# A state of wonder...



## KenOC (Mar 7, 2011)

Thus the title of Gould's Goldbergs, a set of the 1955s and 1981s. But it better fits, to my mind, the Well-tempered Clavier.

Before Glenn Gould did his set of the entire 48 in the early 1960s, there was only Wanda Landowska on the harpsichord. For the most part, the WTC was considered a set of pieces for teaching, not for popular enjoyment. Gould changed all that. Now each prelude, each fugue, was a miniature tone poem with its own personality, its own rewards.

Today of course the shelves are groaning with complete sets. Andras Schiff has just released his second!

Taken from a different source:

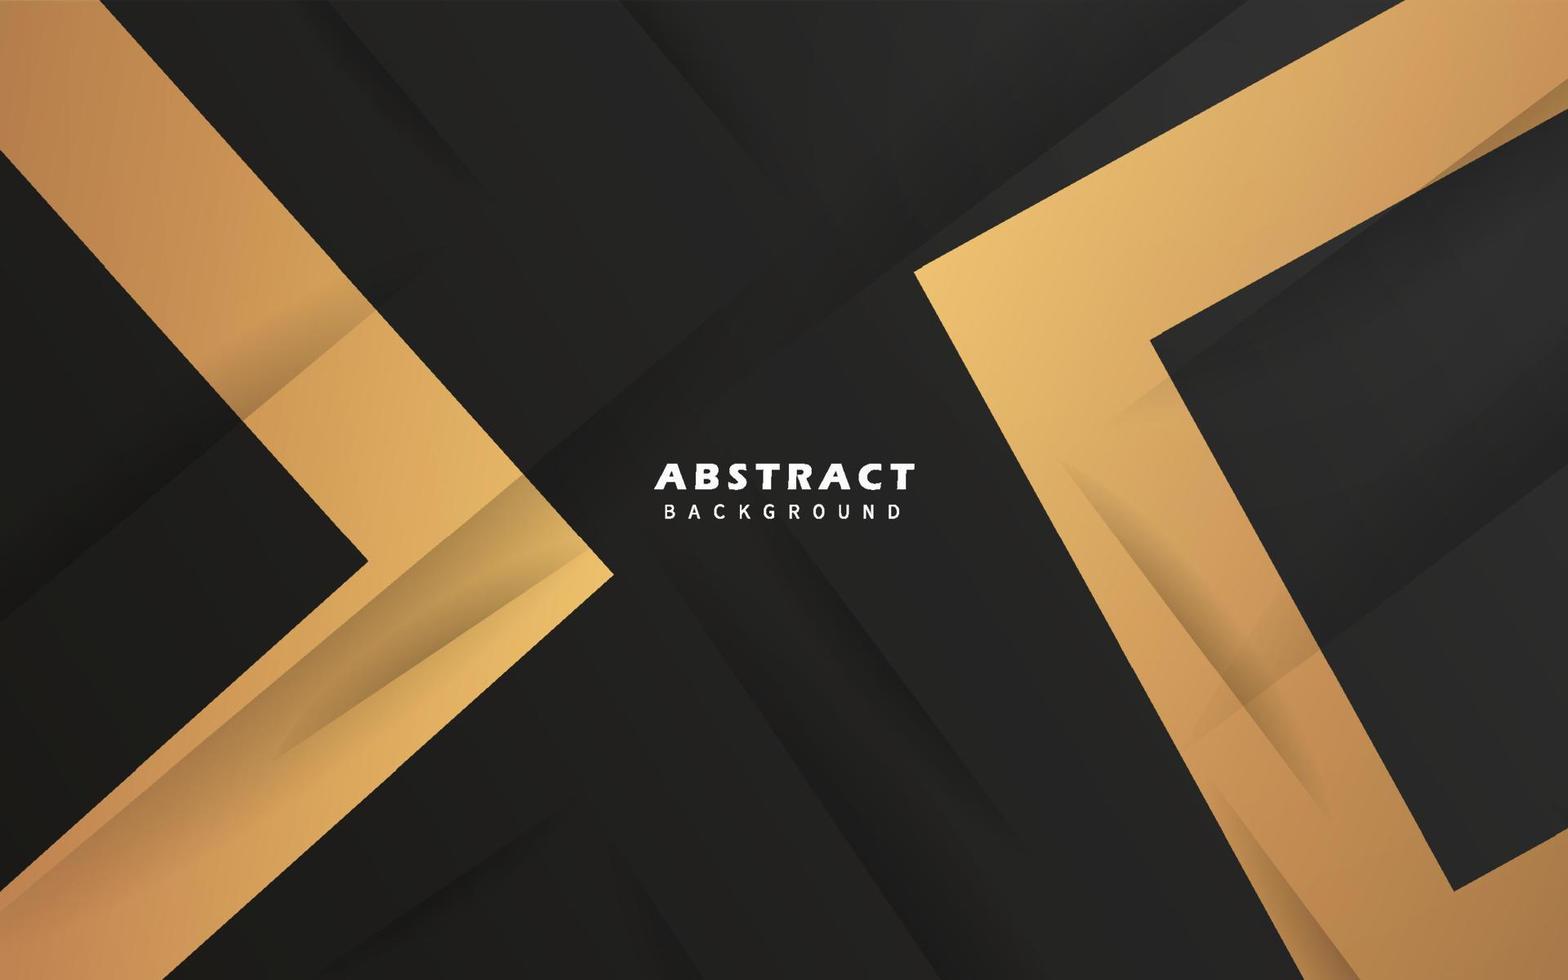 Abstract geometric shape shape black and gold background vector

Times have changed, and the WTC is a popular (if huge) landmark in music. Jill Crossland's fingers are flying as I type...

What do you think? Is the WTC fit to be balanced, as the old testament, against Beethoven's new? Which are your favorite performances? Why?


----------



## Andreas (Apr 27, 2012)

I understand Book I, from the 1720s, was (partly) a compilation of pieces Bach had written up to that point. The idea to arrange them in a chromatic series of keys only occured to him later on. However, the pieces from Book II, from twenty years later, were composed specifically as a unified whole in the format of 24 preludes and fugues.

I wonder if that's true, I haven't read anything definitive on it.


----------



## Muddy (Feb 5, 2012)

If not Bach's WTC, what else can balance Beethoven's sonatas? In my opinion, yes, Bach's WTC is perfection.


----------



## joen_cph (Jan 17, 2010)

Just a reminder that there were a few more complete piano WTCs between Landowska and Gould - Edwin Fischer´s (HMV 1935-36), Gieseking´s (radio only? 1950), Rosalyn Tureck´s mono 1953 for Brunswick, Maurice Cole´s for Saga, and Samuil Feinberg´s glorious 1959 for Melodiya. They were all quite popular, I believe. Galling´s harpsichord for Vox is from 1964.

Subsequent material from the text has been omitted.